'A necessidade de um aprofundamento no estudo da filosofia marxista' (nahr al-urdun)
Se podem existir diferentes concepções de mundo, não apenas diferentes entre a filosofia marxista e outros sistemas filosóficos, mas se existem até mesmo diferentes marxismos, como podemos saber então, qual destes sistemas filosóficos é o correto?
Por nahr al-urdun para a Tribuna de Debates Preparatória do XVII Congresso Extraordinário.
Não tenho a intenção de me prolongar muito, venho hoje apenas com a simples intenção de colocar em destaque a necessidade de um aprofundamento no estudo da filosofia entre nós camaradas marxistas. Pretendo fazer isso da forma mais breve possível, porém, espero que seja o suficiente para jogar luz a importância deste tópico.
Acho que devo começar então com uma breve discussão sobre o que é filosofia. Essa é uma questão bem colocada na Introdução do Princípios Fundamentais da filosofia, de Georges Politzer e disponibilizado gratuitamente pelo jornal A Verdade. Eu recomendo a leitura completa para os interessados.
Mas de forma breve filosofia é a “concepção geral do mundo da qual se pode deduzir certa forma de conduta”. Chamo aqui a atenção para característica da filosofia de ser algo no qual podemos deduzir certa forma de conduta, isto é, como Politzer coloca, a filosofia é algo no qual pode-se deduzir certas regras que determinam uma certa atitude diante da vida. Segundo o mesmo, na Grécia antiga, “sábio era o homem que agia em todas as circunstâncias de conformidade com tais regras”. Essa é uma definição que também nos remete a discussão que Descartes faz na sua carta ao tradutor francês para ser utilizada como prefácio do Princípios de Filosofia. Neste texto, Descartes nos diz:
“Assim, a filosofia é como uma árvore, cujas raízes são a Metafísica, o tronco a Física, e os ramos que saem do tronco são todas as outras ciências que se reduzem a três principais: a Medicina, a Mecânica e a Moral, entendendo apor Moral a mais elevada e mais perfeita, porque pressupõe um conhecimento integral das outras ciências, e é o último grau da sabedoria.”

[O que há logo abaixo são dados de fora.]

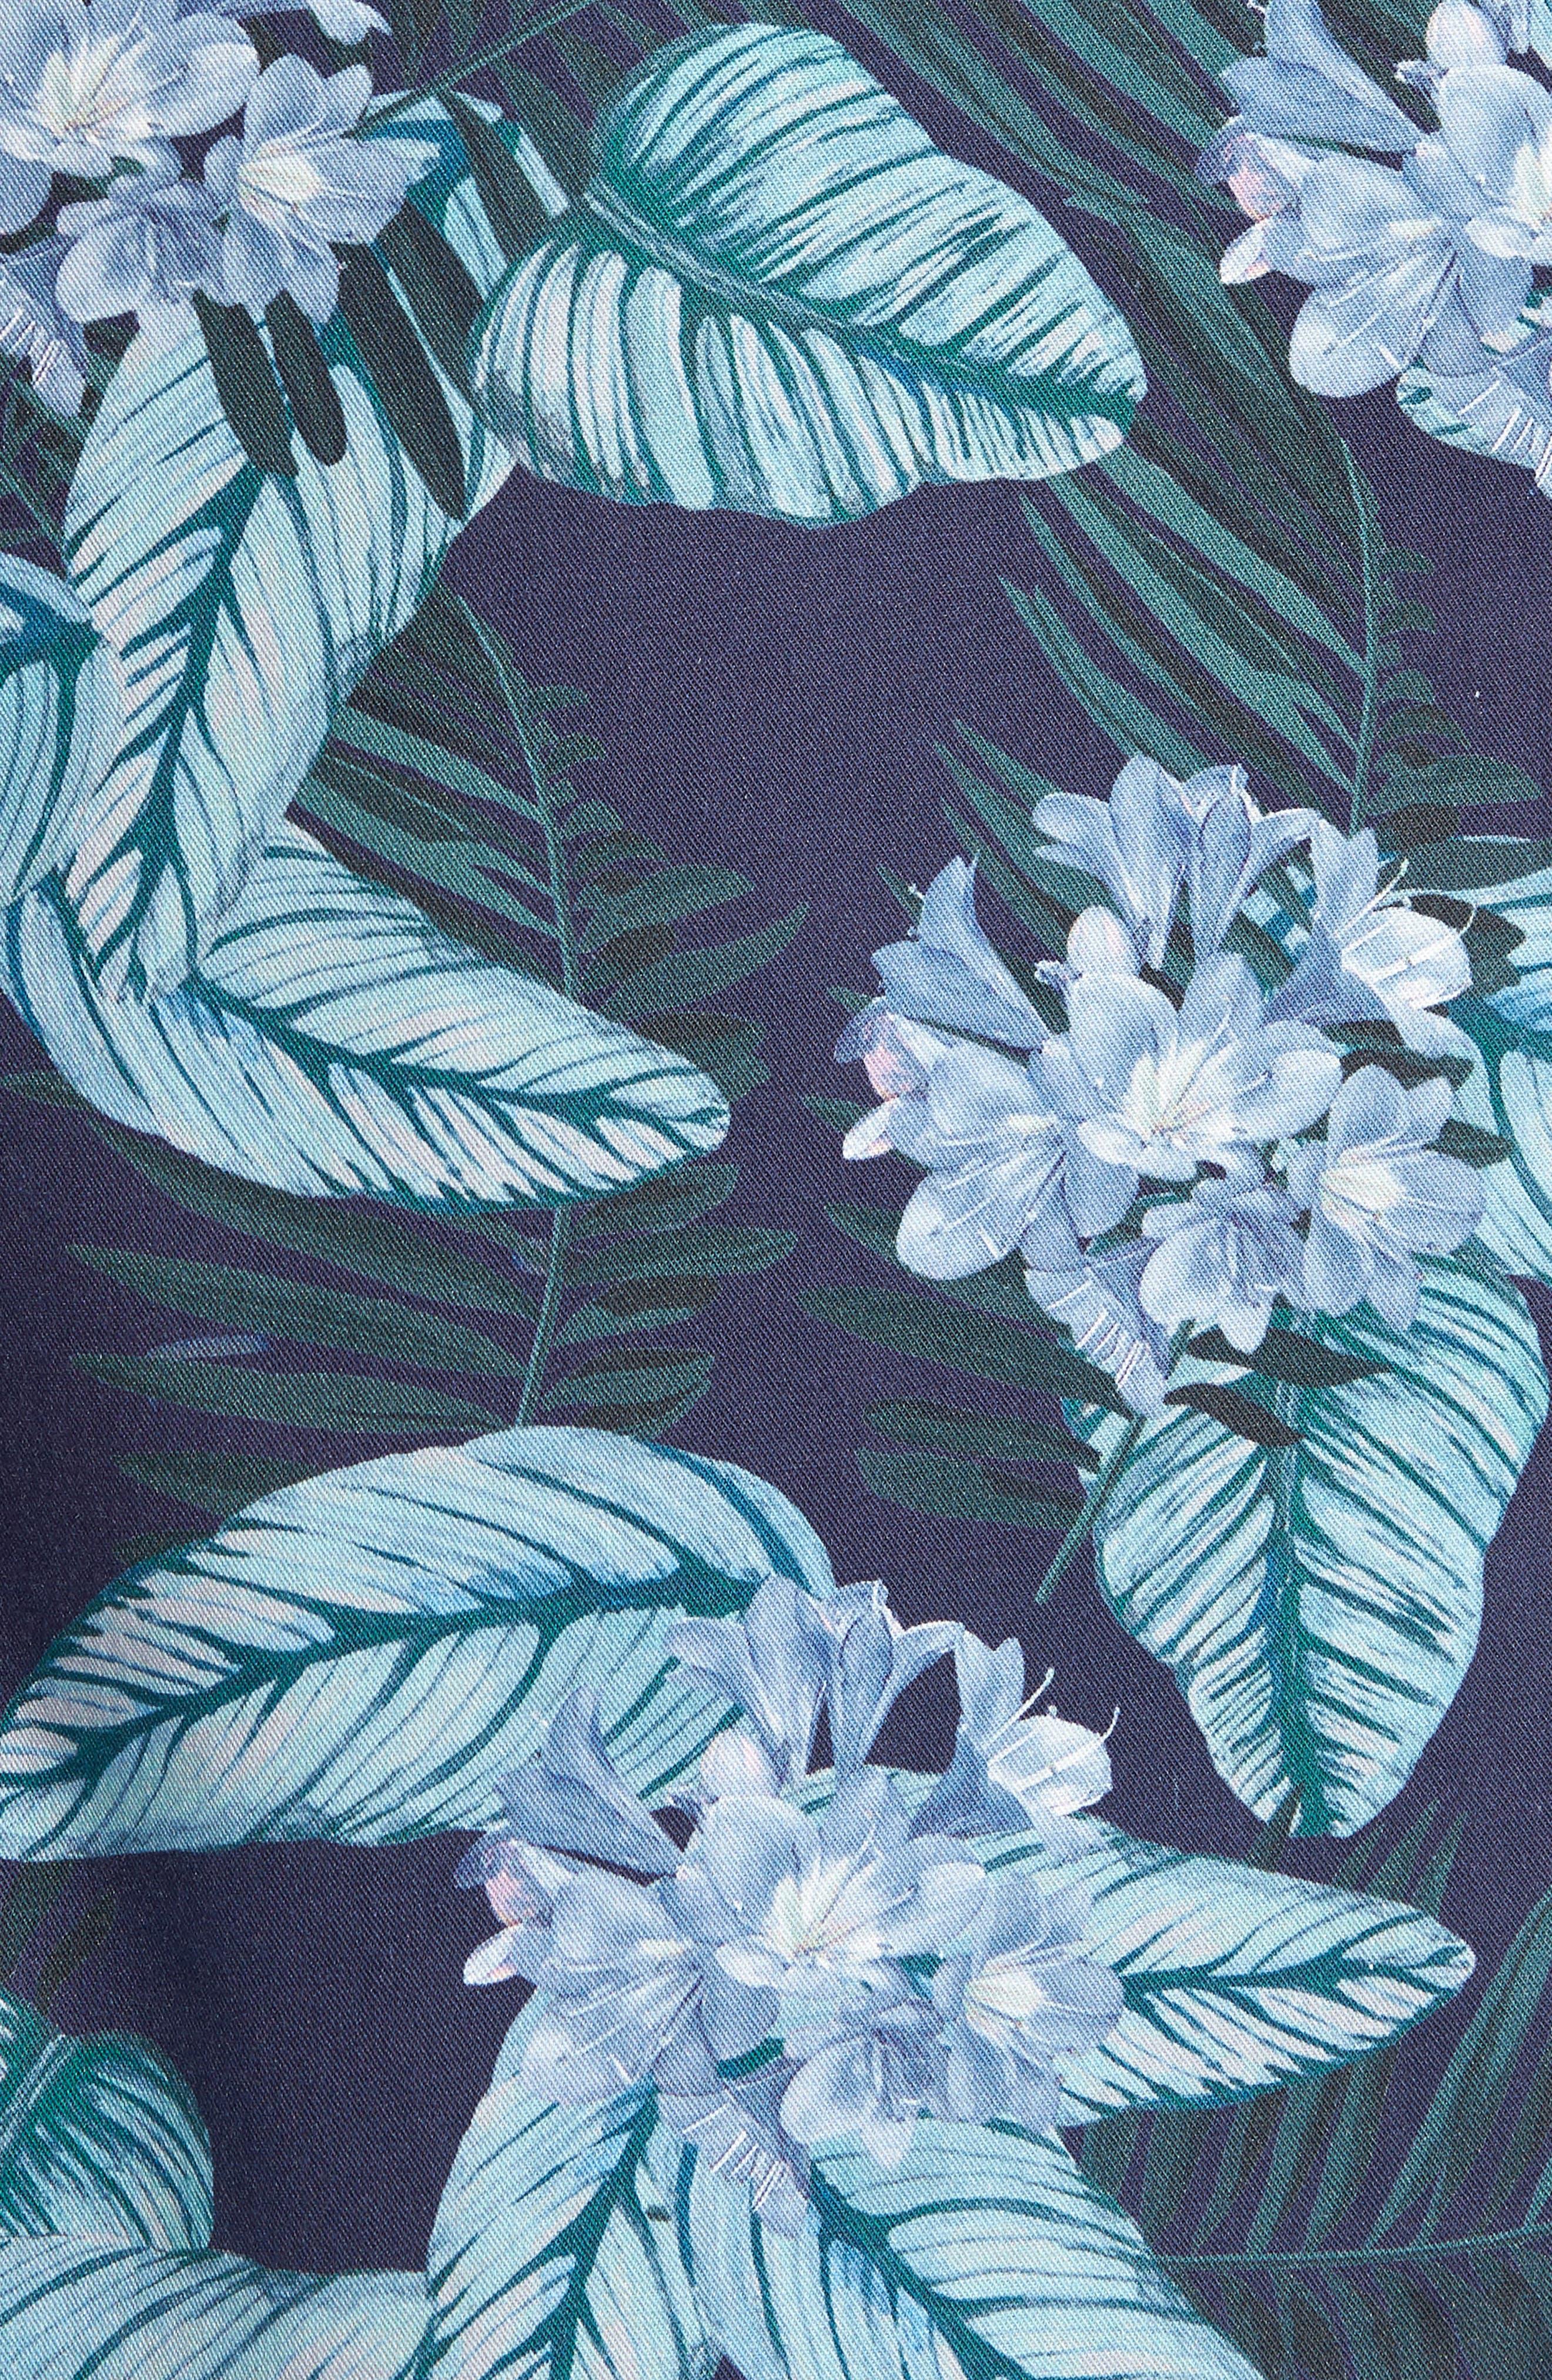 Folinor Slim Fit Floral Cotton Shirt,                             Alternate thumbnail 5, color,                             Navy

Sendo assim, a visão de mundo se relaciona de forma explícita sobre como nos relacionamos como o mundo, o que torna evidente então, que a filosofia “não é uma questão sem interesse, uma vez que duas concepções opostas levam a conclusões e práticas, também opostas”, como também foi bem colocado por Politzer. Podemos concluir, de forma sucinta, para não nos estendermos além do necessário, que a filosofia também tem caráter de classe.
Acredito que uma vez que temos esse entendimento sobre o que é a filosofia (e aproveito o espaço para reconhecer que não há uma definição unânime sobre o que é filosofia, mas escolhemos aqui trabalhar com uma no qual nos é apropriada), fica evidente da importância de não apenas aprendermos a filosofia, mas também incentivarmos a prática do filosofar entre todos.
Quero trazer dois exemplos no qual o movimento comunista deve se beneficiar de uma solidez filosófica mais firme. A primeira diz respeito à capacidade de reflexão do movimento comunista sobre si mesmo. Tomando a liberdade de citar Engels, quando o mesmo discute a concepção materialista da filosofia marxista, ele diz:
“A concepção materialista do mundo, significa, simplesmente, a concepção da natureza, tal como ela é, sem adicionamentos estranhos.”
Assim, Politzer nos diz que enquanto cada ciência estuda um aspecto da natureza “tal como ela é”, a filosofia marxista trata da concepção geral da natureza “tal como ela é”. Essa compreensão da filosofia como uma concepção mais geral da natureza do que qualquer disciplina isolada, também pode ser percebida na discussão feita por Descartes, onde na sua descrição da filosofia, ele atribui a mesma a um componente mais fundamental (metafísica) que qualquer ciência em particular.
Essa concepção da realidade encontrada na filosofia, mais geral e fundamental do que quando comparada com qualquer ciência em particular, permite que a filosofia assuma o compromisso de refletir criticamente sobre cada ciência em particular ou até sobre todas elas de uma vez só, procurando por exemplo, identificar os limites que separam uma ciência da outra. Trazendo a discussão para o movimento comunista, e como podemos nos beneficiar desse caráter da filosofia, é frequente nos deparamos com o estudo isolado de algumas disciplinas, como por exemplo, aquilo no qual chamamos de economia marxista. Porém não são raras as vezes que nos deparamos com um debate se tal formulação da economia que se declara marxista, é de fato marxista. Porém para responder esta pergunta, a ciência econômica por si só não é o suficiente, é necessário que recorremos a uma concepção mais fundamental sobre o que é marxismo, precisamos recorrer então, a filosofia marxista.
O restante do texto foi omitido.